The newest onslaught of disengagement in the workforce is not the employees. It’s management.
On March 11, talent and career management firm Right Management released survey results that showed 68 percent of managers fail to engage in their employees’ career development. Only 17 percent of 616 employees polled between January 5 and March 3 said their managers have an active interest in their career development.
“Organizations should be doing everything they can to build the careers of their top talent to keep them engaged and onboard,” said Bram Lowsky, executive vice president of Right Management, in a press release.
Unfortunately, the survey results point to a different reality. As front-line supervisors, managers have the power to help their employees move into an organization’s leadership pipeline. But sometimes managers need the right push from a learning leader to successfully shepherd these future leaders to the next place in their careers.
One way chief learning officers can improve managerial engagement is by teaching coaching skills. It takes work, but it can result in more engaged employees who are more likely to stay and continue contributing their skills to an organization.
“Coaching is referred to as evocative; it pulls out from the individual what’s needed,” said Matt Poepsel, vice president of product management for hiring and employee development firm PI Worldwide. “It’s not as intuitive as managing can seem to be.”
Poepsel said there are five steps managers can use to coach their employees.
1. Enroll: Come to a shared agreement with the employee on what goals will be accomplished during the coaching period.
2. Envision: Delineate what the coach role looks like and how it can help employees achieve their career goals.

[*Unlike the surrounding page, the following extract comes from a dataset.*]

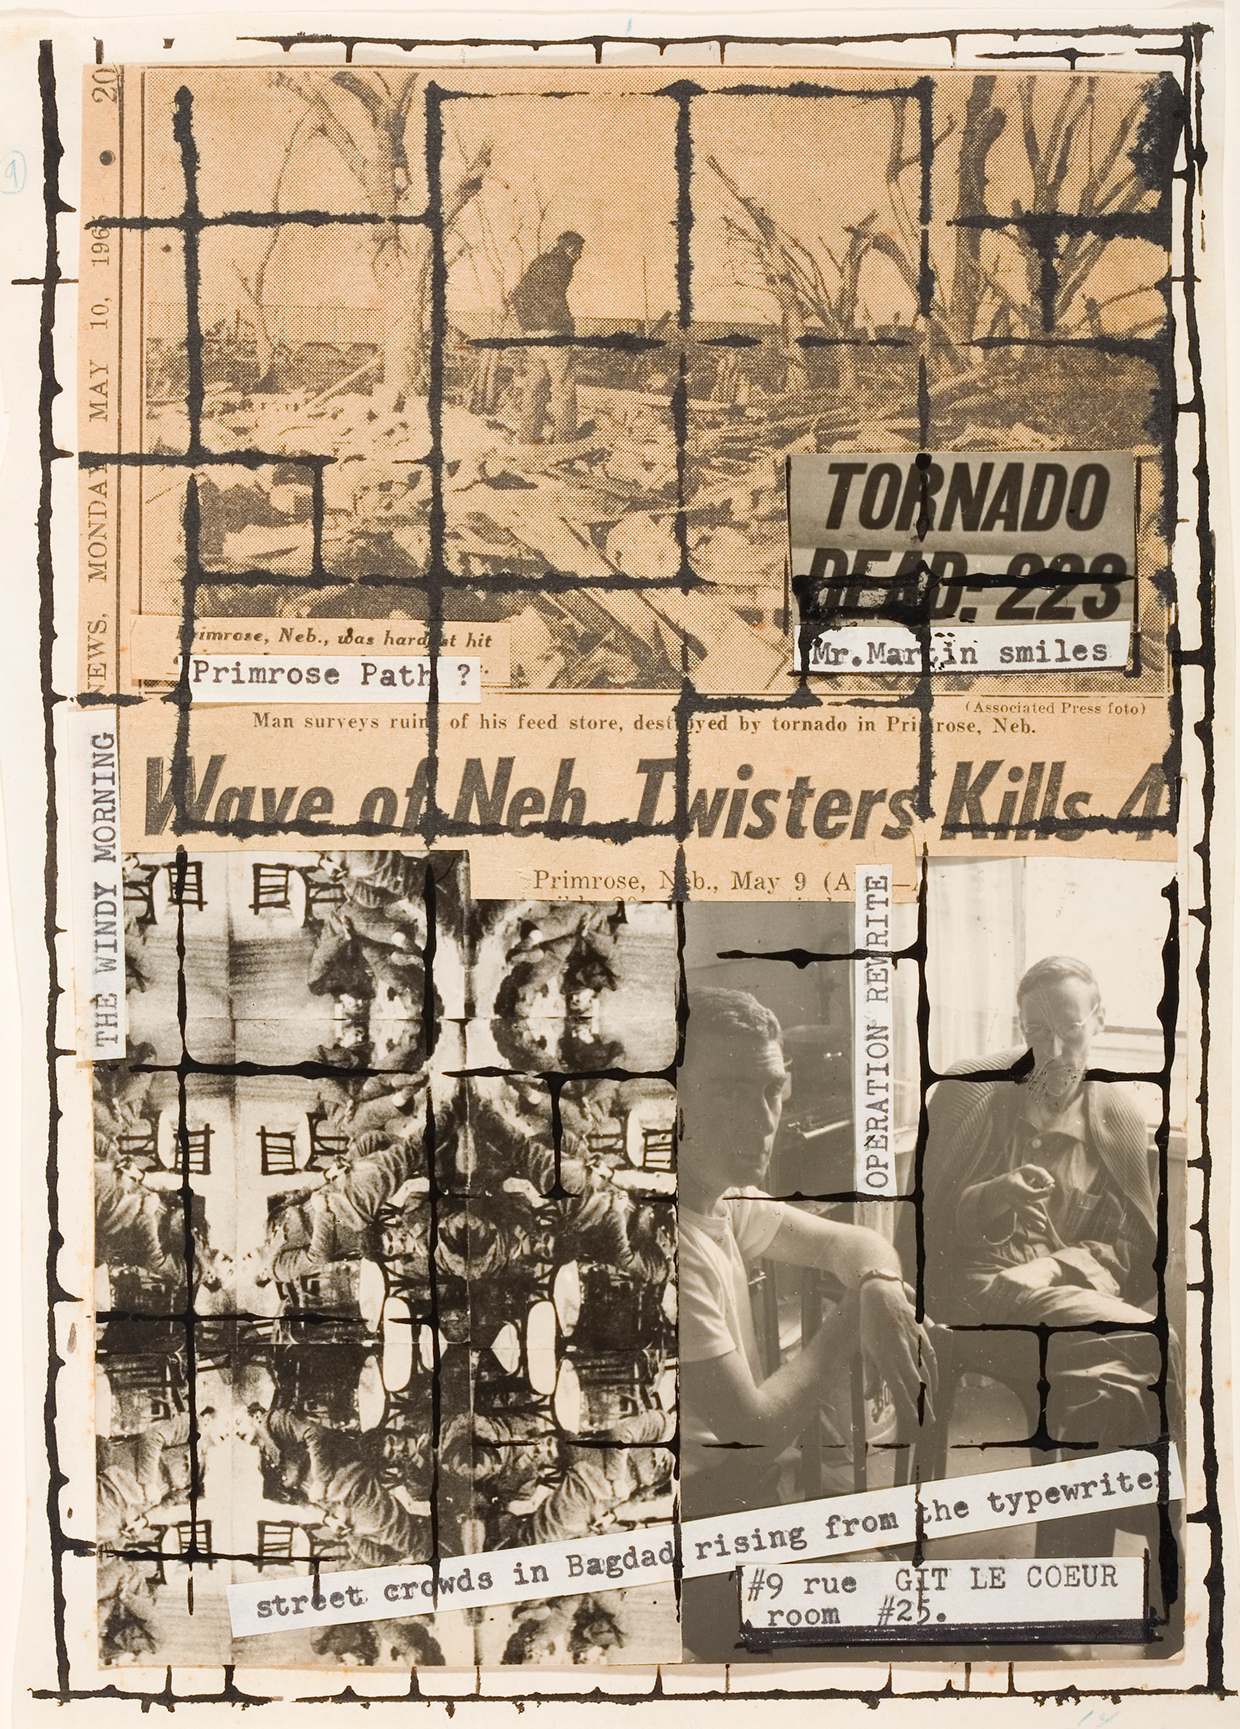 The Beat Generation members often worked collaboratively on works. Here, William Burroughs and Brion Gysin worked together on a "cut-up" piece, a type of collage with text pioneered by Gysin and refined by Burroughs. © Archives Galerie de France

3. Establish: Create plans and actions that can help achieve that career goal. Identify any blind spots and have a concrete plan written in pencil, not pen — adaptability is important.
4. Execute: “We’re not talking about executing a plan day-to-day,” Poepsel said. “Priorities change and work happens. How well are you following through?” Coaches are responsible for bringing employees back to the plan and making them accountable for working toward it, even in times of transition.

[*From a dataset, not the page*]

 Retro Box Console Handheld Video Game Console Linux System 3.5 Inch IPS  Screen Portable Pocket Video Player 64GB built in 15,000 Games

5. Evaluate: Find out if an employee feels like a more natural leader. What’s working and not working? A change in plan or vision might be necessary. If the employee has achieved his or her objective, re-enroll with a new goal.
Such actions aren’t always needed, however. “Some people emerge as natural coaches,” Poepsel said. “It’s instinctive, and it’s happening in many organizations by chance.”
Sam Davis, vice president of customized consulting solutions at the American Management Association, said managers may find themselves in coaching situations every day, whether they know it or not. The trick is to make sure they do it right — creating mutual trust to make employees comfortable sharing their goals, promoting a conversational atmosphere and focusing on clearly defined milestones.
“Every manager has a responsibility to be a coach,” Davis said. “That’s imperative if you expect to have a staff that can achieve all they have the opportunity to achieve.”